IT & + si affinités

Encore un blog de sysadmin … mais pas uniquement ;-)

Script de monitoring de fakeraid dmraid

Si vous utilisez les puces intégrés aux cartes mères, qui permettent de faire du fakeraid, une émulation de raid semi matérielle gérée par l’OS, vous pourrez avoir l’utilité de ce script.

Néanmoins je déconseille fortement l’utilisation de fakeraid en général et catégoriquement pour des serveur en production.
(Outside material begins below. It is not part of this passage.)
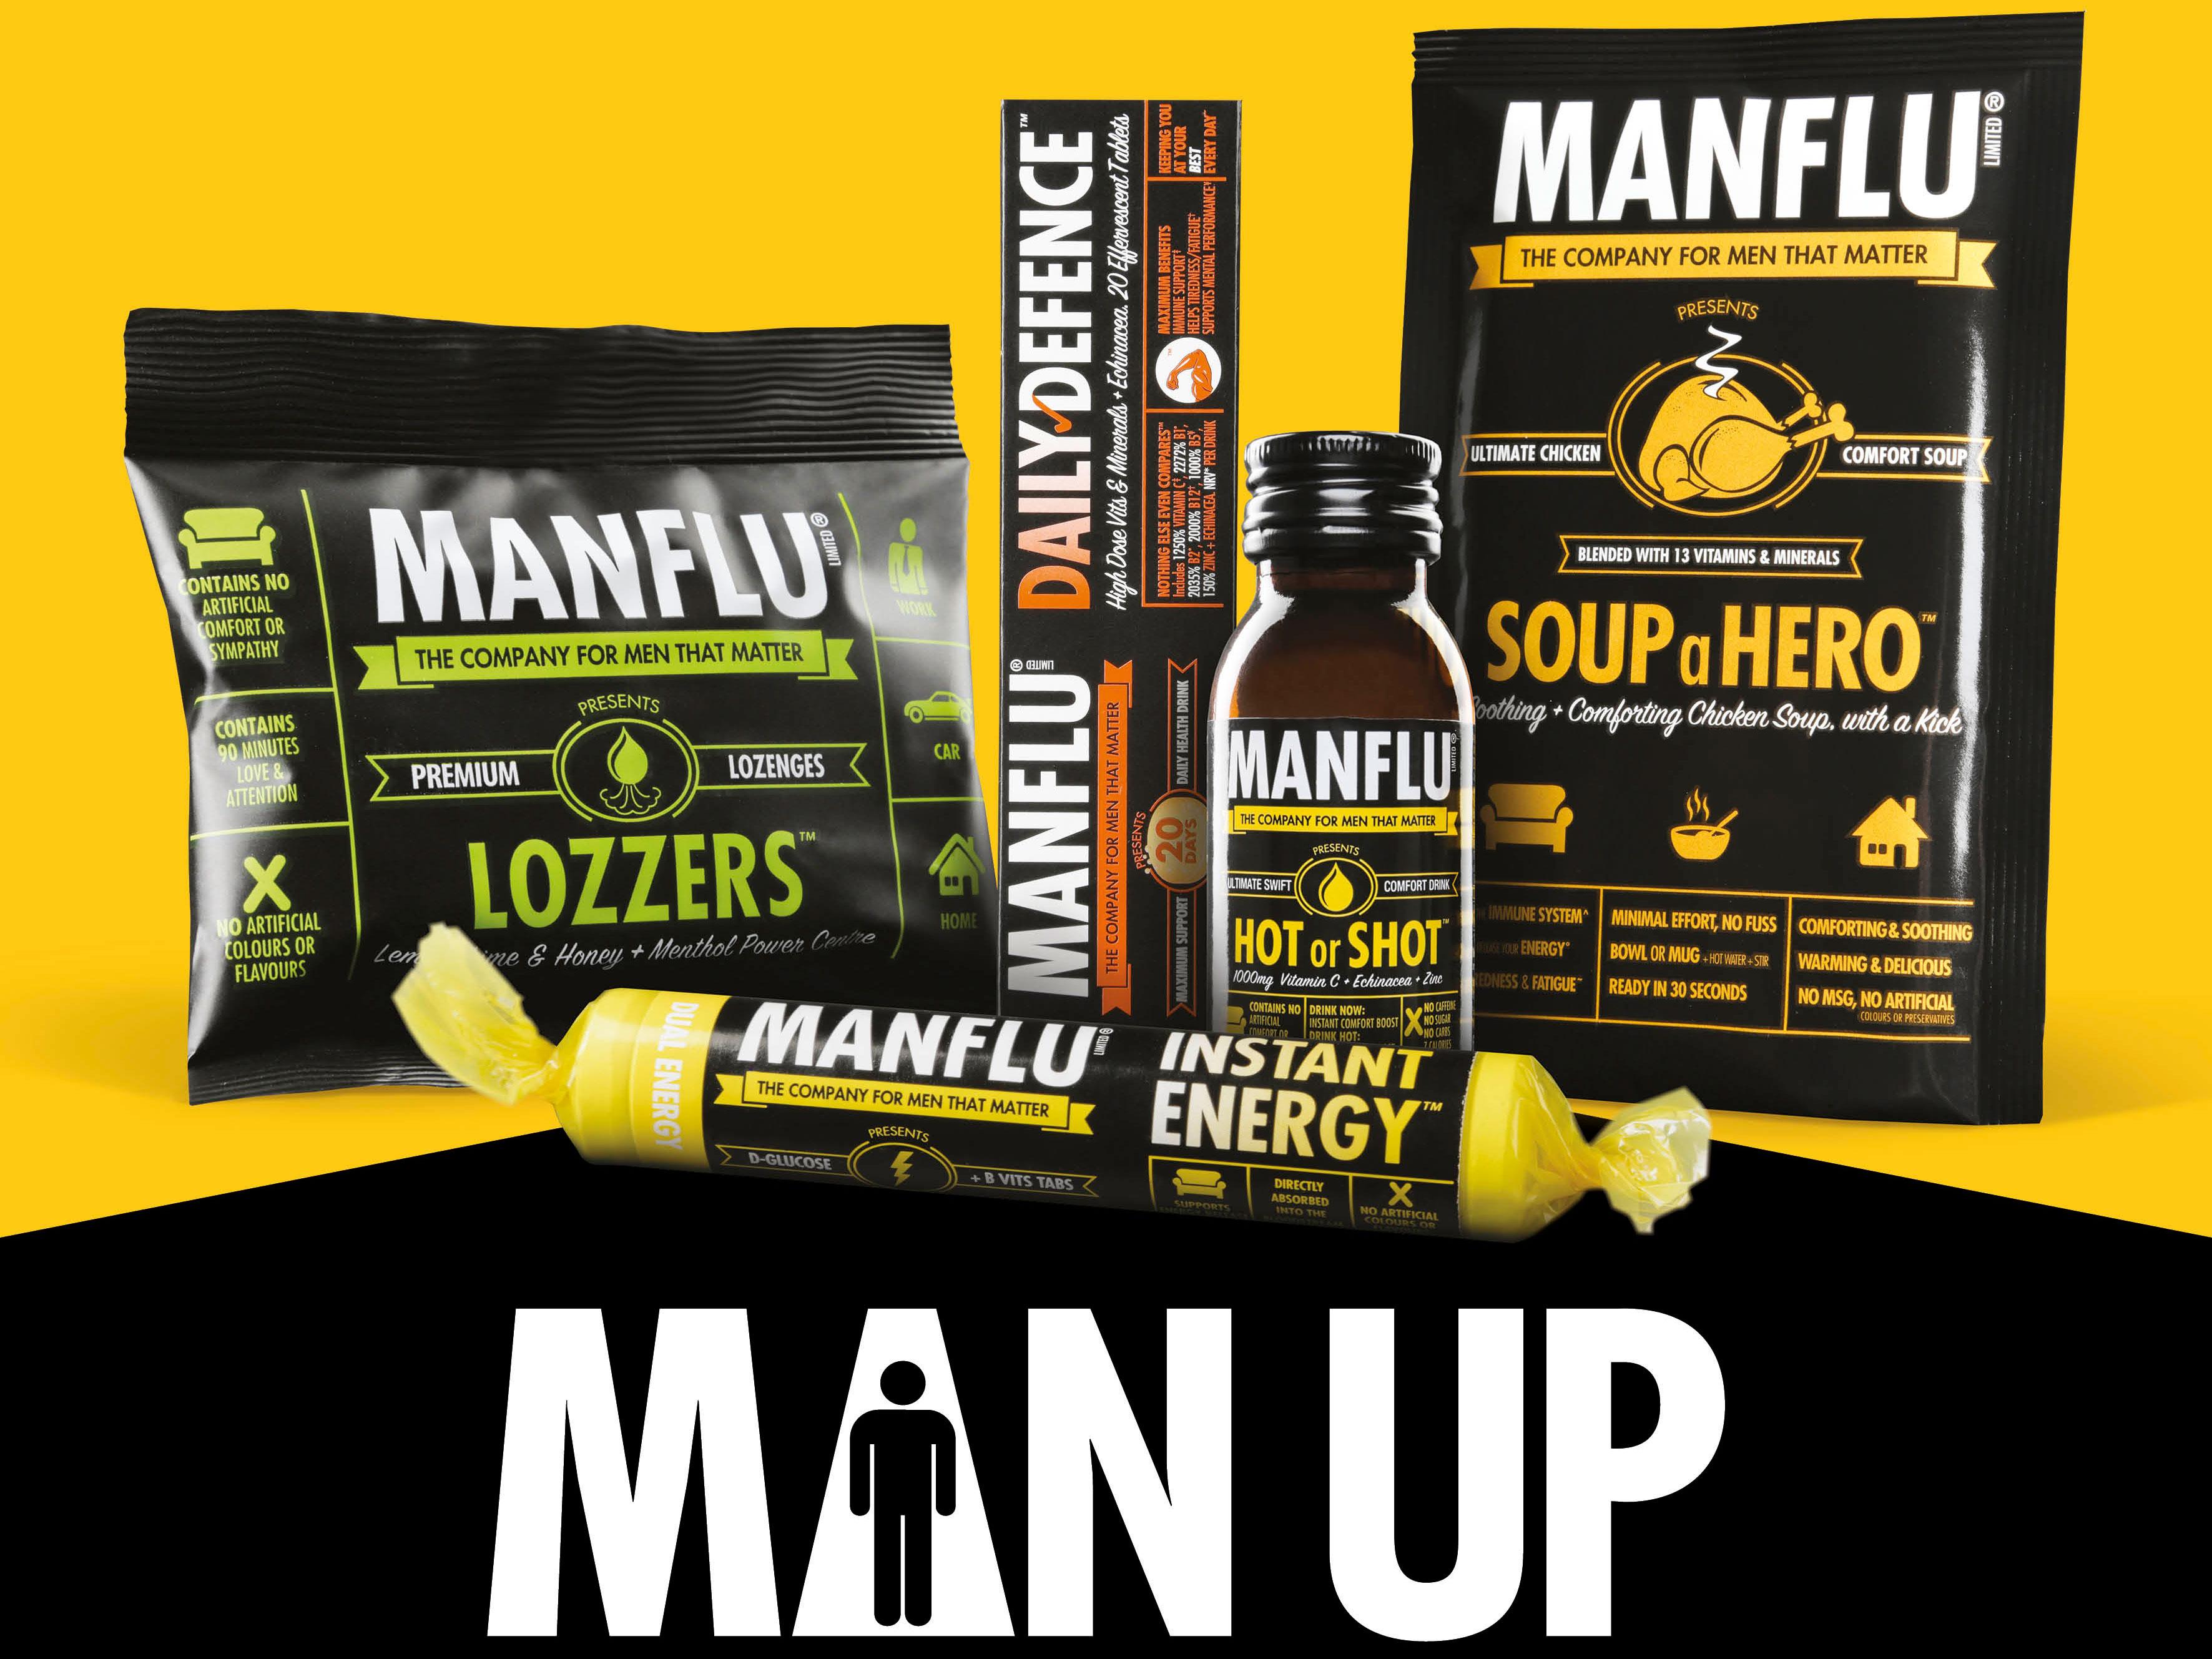 MANFLU pick Matta to launch outdoor creative

Ce script a été créé en 2009 et fonctionnait à l’époque. Aujourd’hui nous n’utilisons plus de fakeraid et la syntaxe de la commande dmraid à peut être changé.

#!/bin/bash
dmraid_cmd="sudo /sbin/dmraid -s"
raid_status=`$dmraid_cmd | grep status | awk '{print $3}'`
if [ "$?" != "0" ] ; then
        echo "dmraid not responding"
        exit 2
else
        dev_number=`$dmraid_cmd | grep devs | awk '{print $3}'`
        spare_number=`$dmraid_cmd | grep spares | awk '{print $3}'`
        raid_type=`$dmraid_cmd | grep type | awk '{print $3}'`
        if [ "$raid_status" = "ok" ] && [ "$dev_number" = "$1" ] ; then
                echo "OK, RAID type : "$raid_type", drives : "$dev_number"/$1, spares : "$spare_number
                exit 0
        else
                echo "RAID Status : "$raid_status" drives : "$dev_number"/$1,  spares : "$spare_number
                exit 1
        fi
fi

Script Nagios de monitoring SNMP de cartes MegaRaid

Pour continuer dans le monitoring du raid des cartes LSI MegaRaid, voici un autre script plus ancien qui permet de vérifier l’état du raid par requête SNMP et renvoi un code et un message utilisable par Nagios.

 

#!/bin/bash

##################################################################
# Creation: @Markhor75
# Last Modification: 2011/11/28
# This script check snmp status of LSI RAID cards
##################################################################

export name=`basename "$0"`

case "$1" in
   "-h"|"")
   echo "Usage:"
   echo "    $name -h                      Show this help."
   echo "    $name ip address or name"
   echo "    exemple : $name server.lan"
   exit
  ;;
esac

ip=$1
media_error=0
degraded_drives=0
general_statut=0
detail=""

nb_total_expected_disk=0        #total expected disk number
nb_disk=$(snmpget -v2c -O v -c public $ip LSI-MegaRAID-SAS-MIB::pdDiskPresentCount.0 | cut --delimiter=" " -f2) #physicaly presents disks
nb_array=$(snmpget -v2c -O v -c public $ip LSI-MegaRAID-SAS-MIB::vdPresentCount.0 | cut --delimiter=" " -f2) #array number
nb_spare=$(snmpget -v2c -O v -c public $ip LSI-MegaRAID-SAS-MIB::spareDevNumber.0  | cut --delimiter=" " -f9) #number of spare disks

function check_array {
        local statut
        state=$(snmpget -v2c -O v -c public $ip LSI-MegaRAID-SAS-MIB::state.$1 | cut --delimiter=" " -f2)

        case "$state" in
           "3")
                statut="0"                      #OK
                ;;
           "0"|"1")
                statut="2"                      #WARNING
                if [ $general_statut -lt 2 ]
                        then general_statut=2
                fi
                ;;
           "2")
                statut="2"                      #CRITICAL
                if [ $general_statut -lt 3 ]
                        then general_statut=3
                fi
                ;;
           *) statut="1"                        #UNKNOWN
                if [ $general_statut -lt 1 ]
                        then general_statut=1
                fi
                ;;

        esac

        nb_disk_array=$(snmpget -v2c -O v -c public $ip LSI-MegaRAID-SAS-MIB::arrayNumDrives.$1 | cut --delimiter=" " -f2)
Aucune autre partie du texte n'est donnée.